**What the task requires**
Write out the listing verbatim. No pictures belong in it.

**Information shown**
_ _ _ _

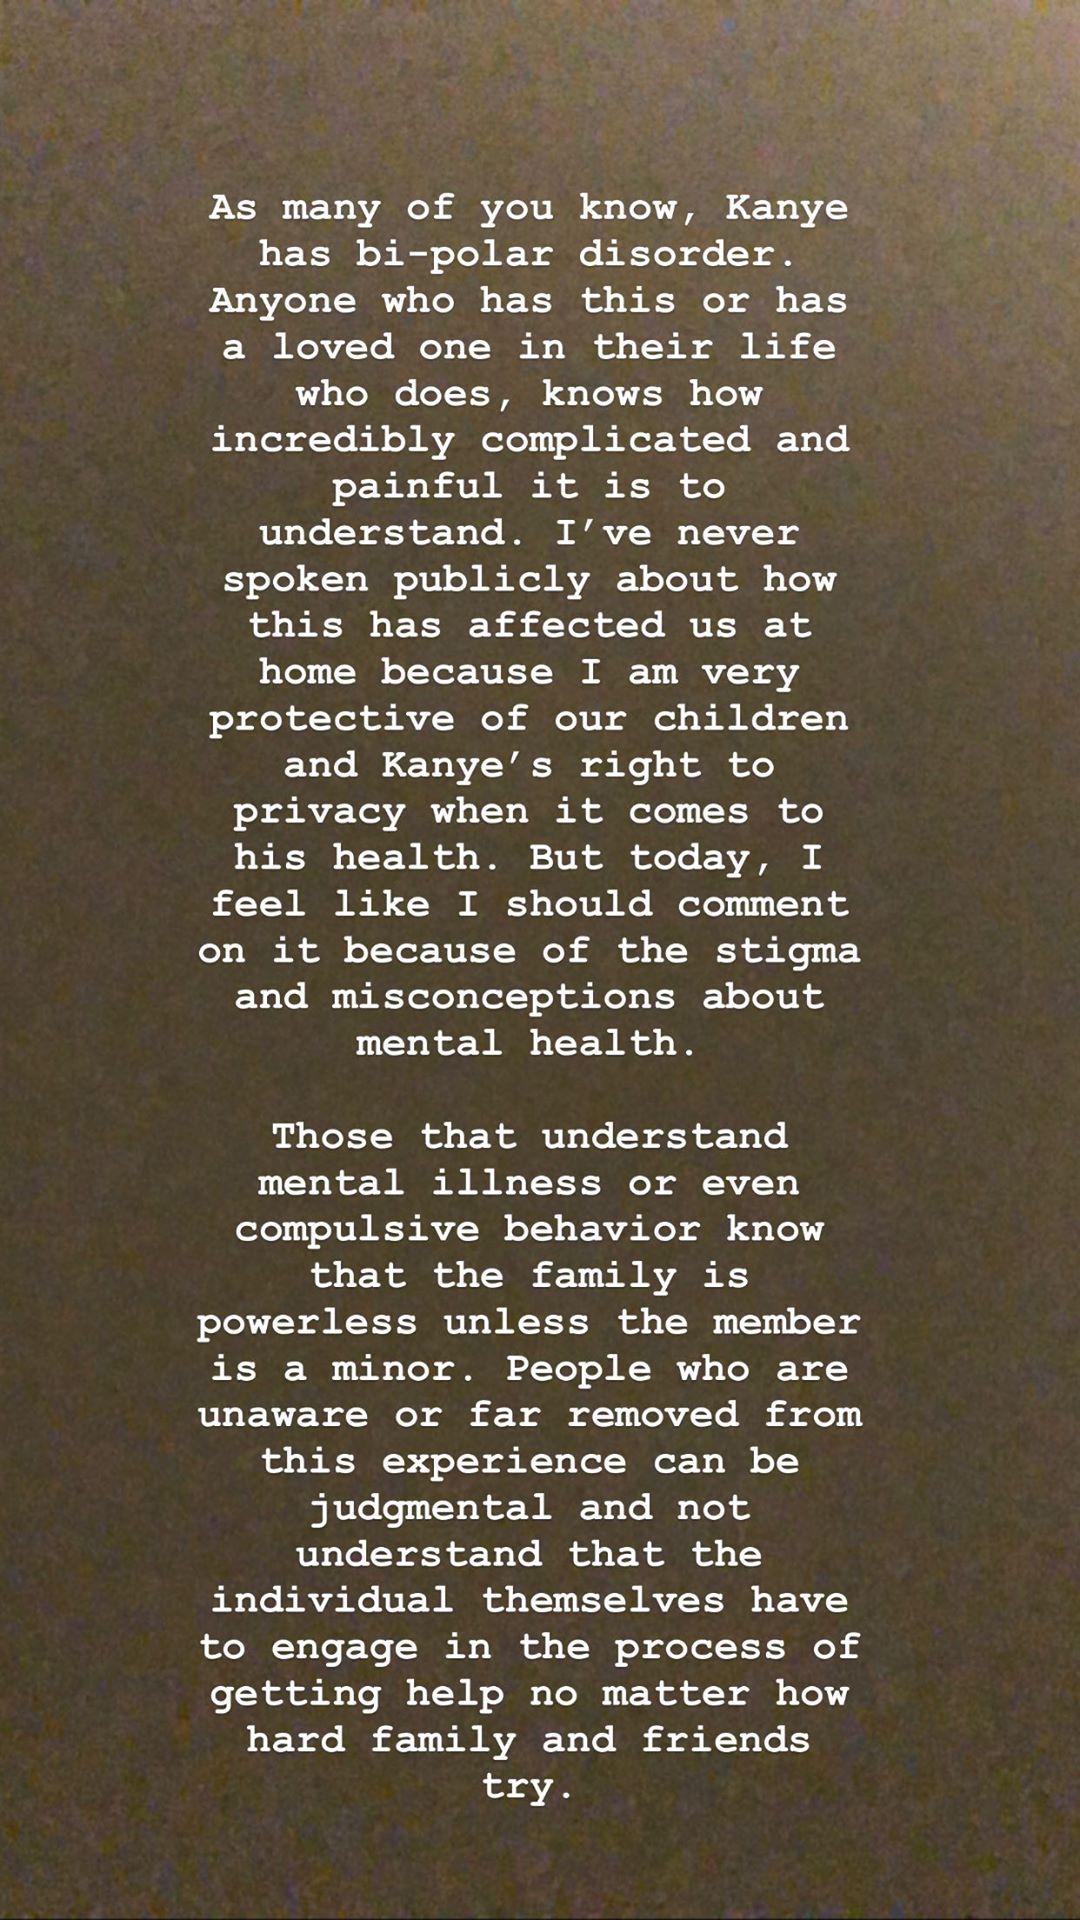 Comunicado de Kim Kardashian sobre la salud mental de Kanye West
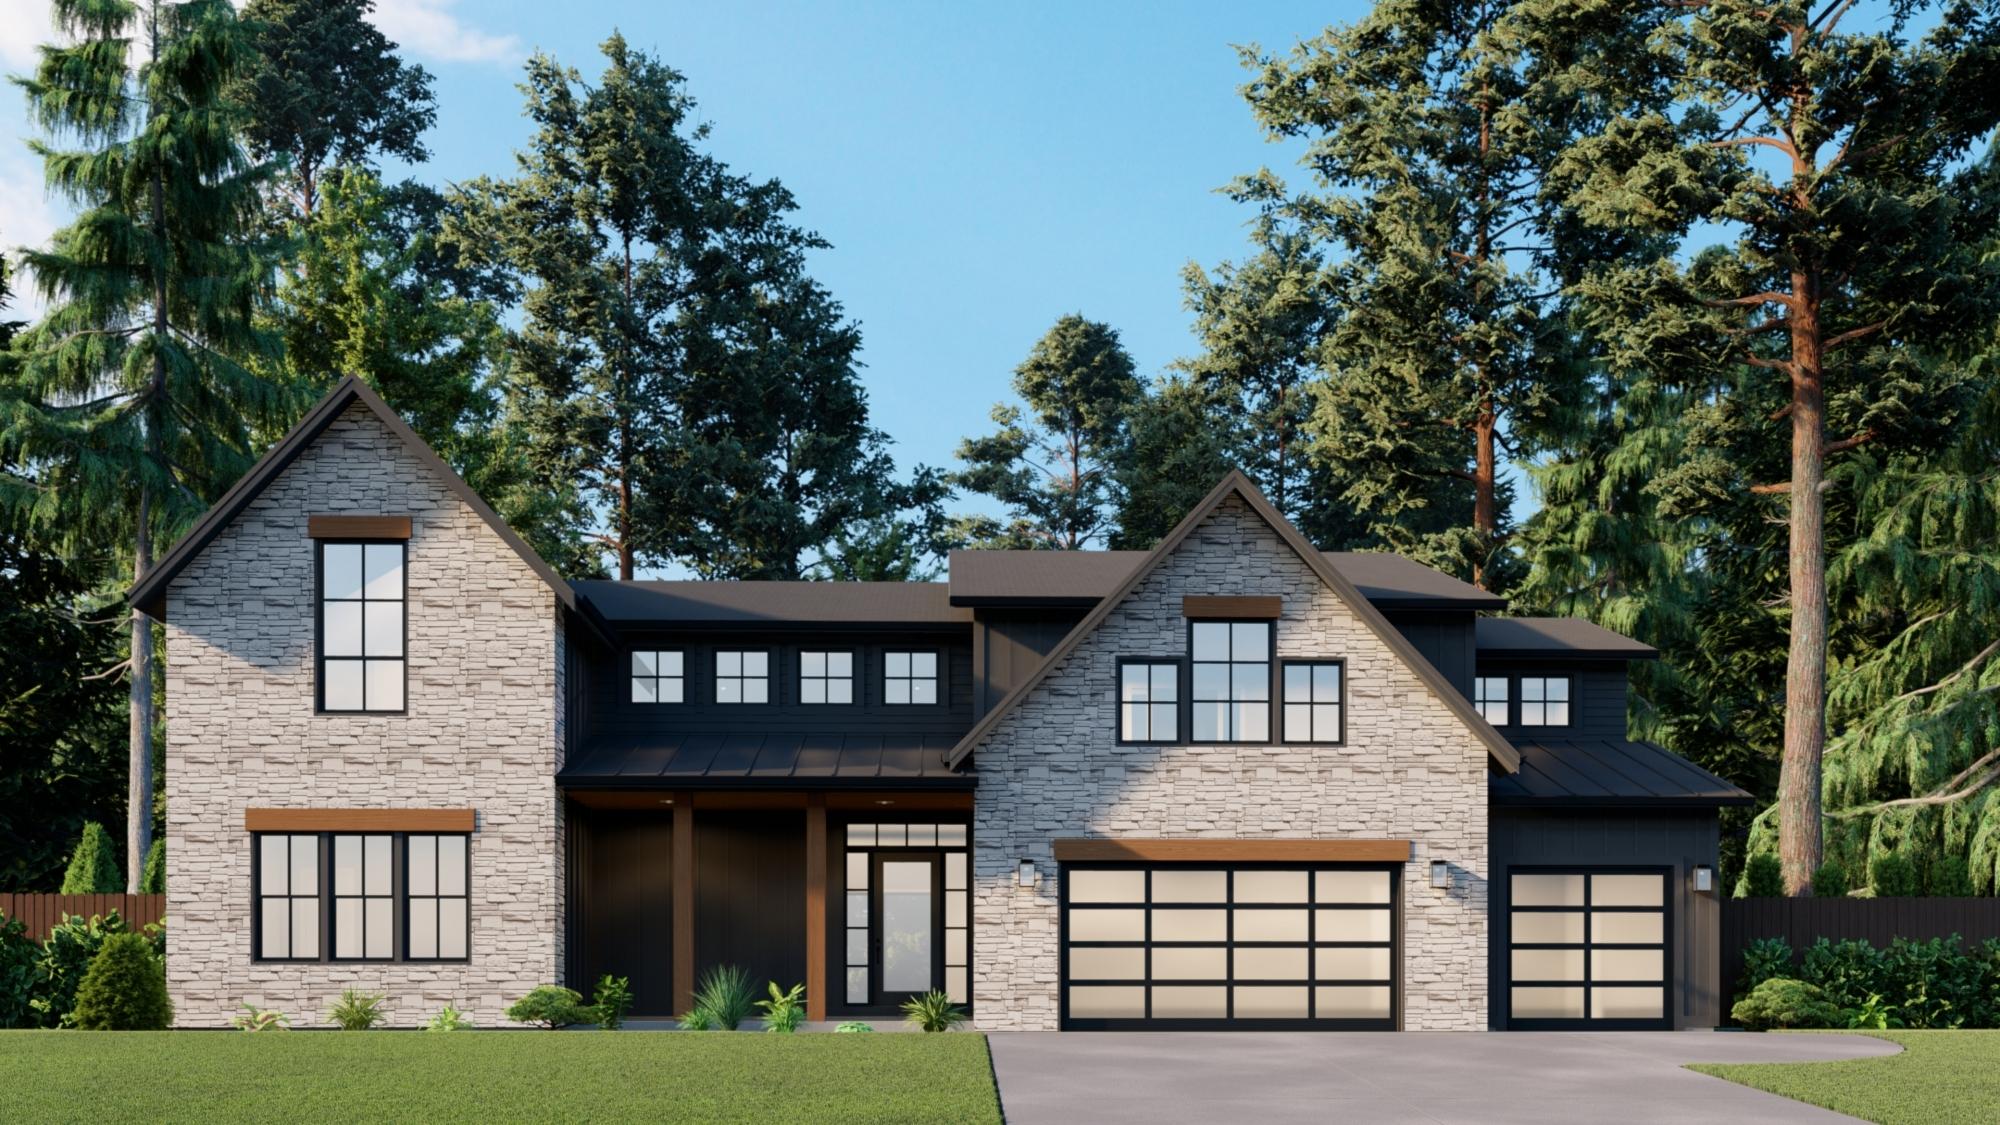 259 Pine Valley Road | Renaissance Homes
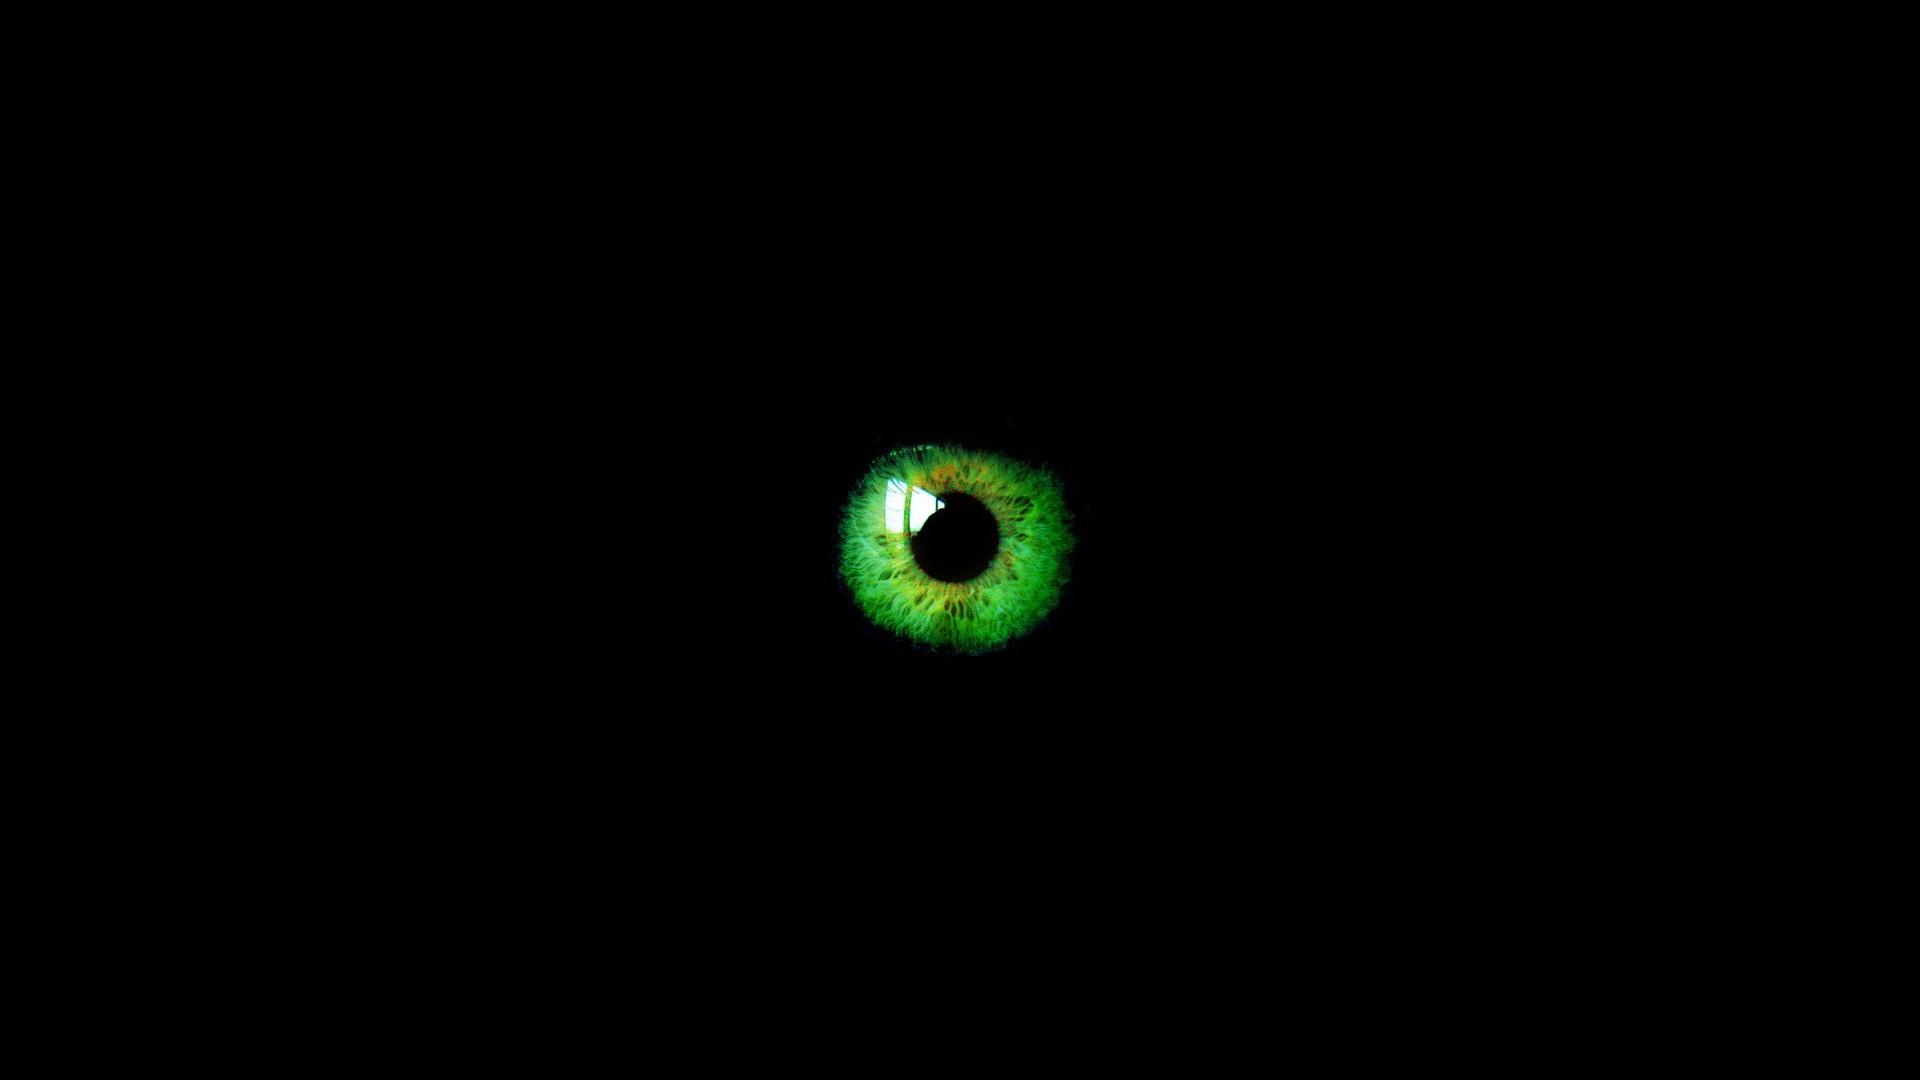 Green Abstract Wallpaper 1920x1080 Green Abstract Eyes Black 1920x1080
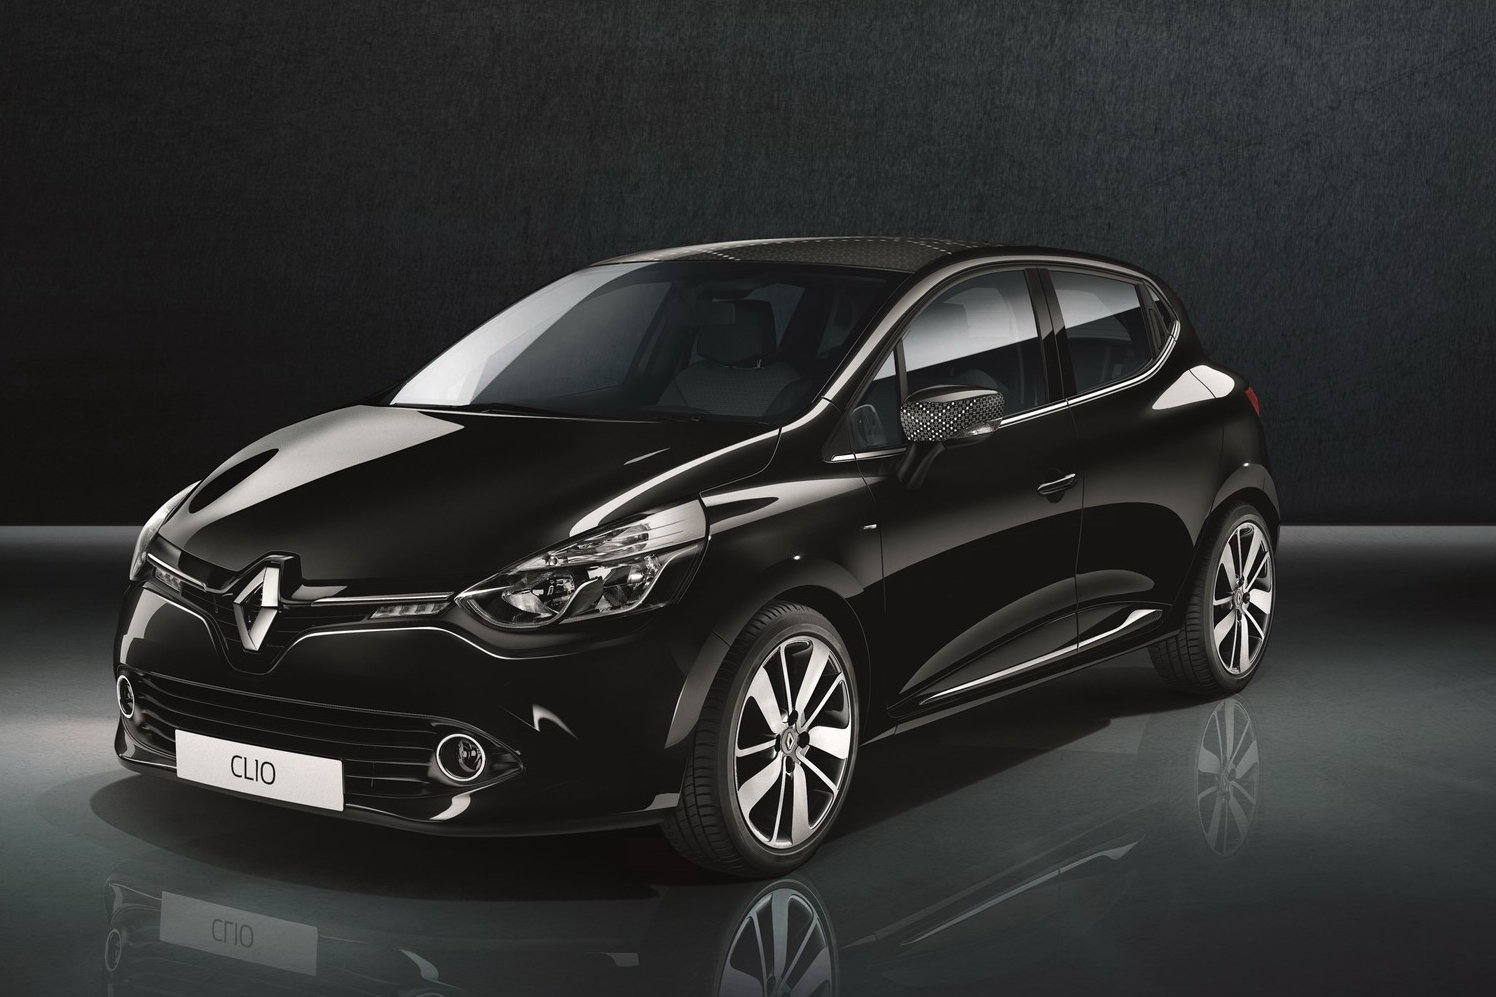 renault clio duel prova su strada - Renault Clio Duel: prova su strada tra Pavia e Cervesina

_ _ _ _

**Answer to this exercise**
 Comunicado de Kim Kardashian sobre la salud mental de Kanye West
 259 Pine Valley Road | Renaissance Homes
 Green Abstract Wallpaper 1920x1080 Green Abstract Eyes Black 1920x1080
 renault clio duel prova su strada - Renault Clio Duel: prova su strada tra Pavia e Cervesina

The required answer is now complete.